Aug 2017
Aug 26 2017 00:28
@dereneaton I'm looking at my .vcf file from ipyrad in vcftools. In ipyrad, I set min_samples_locus to be 237/315 samples, but I have SNPs in my .vcf file that occur in less than 237 individuals. This is the case for about 700/14000 total SNPs in the .vcf file. I used de novo assembly, all reads were 90bp, single end, I filtered out raw reads with any Ns before ipyrad, I set max_Ns_consens to 0. I expected all SNPs to be in at least 75% of my individuals. Why is this not the case?
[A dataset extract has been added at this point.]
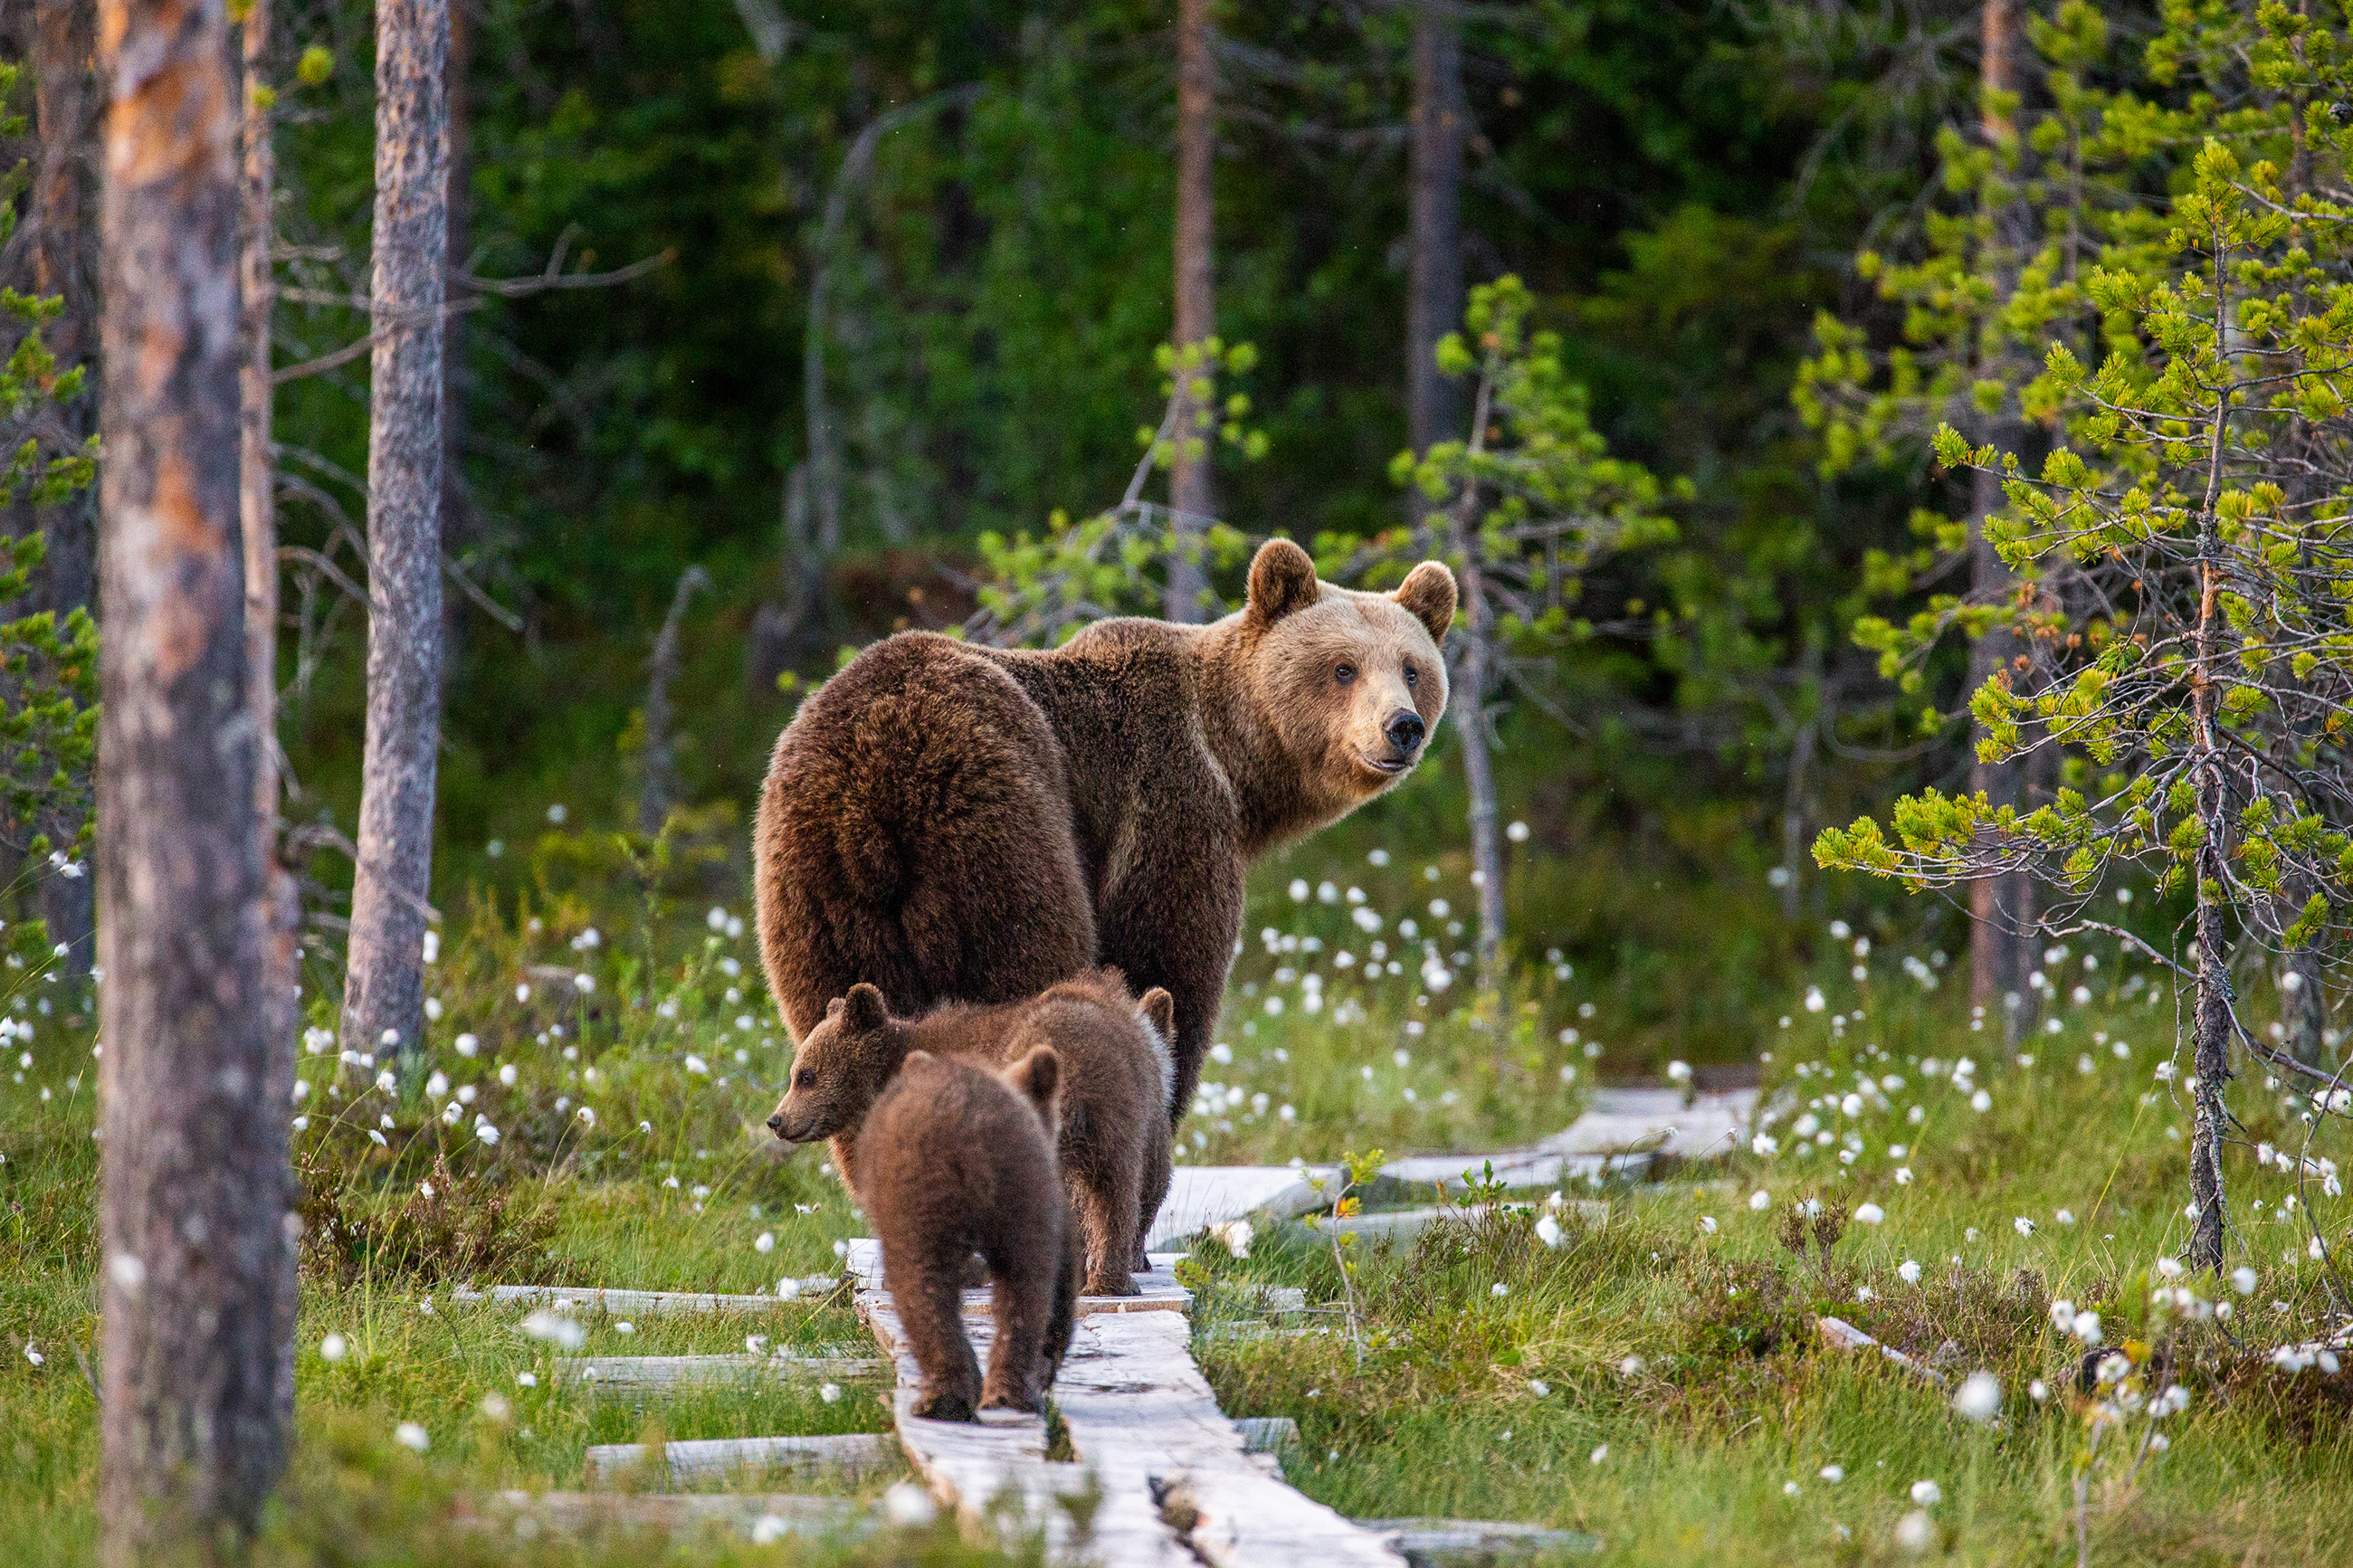 With the most shore excursions featuring a wildlife and wilderness encounter, Holland America Line offers nearly 180 tours to see species of all kinds, including bears.

Thanks!!
Zac Forsman
Aug 26 2017 07:46
@dereneaton Awsome Deren,
I may have just run a complete massive dataset in just a few days... I'll let you know what the results look like. Thanks much for your help. -Zac
Isaac Overcast
Aug 26 2017 19:12
@mazepago_twitter That is a pretty normal error that crops up occasionally in reference assemblies. It shouldn't impact the outcome of step 3 or any future steps. It's not a problem with the index of the reference sequence. The weirdness of the results could be due to some issues with reference based assembly that were fixed some time in the 0.7.x version. It might be worth upgrading and trying it again.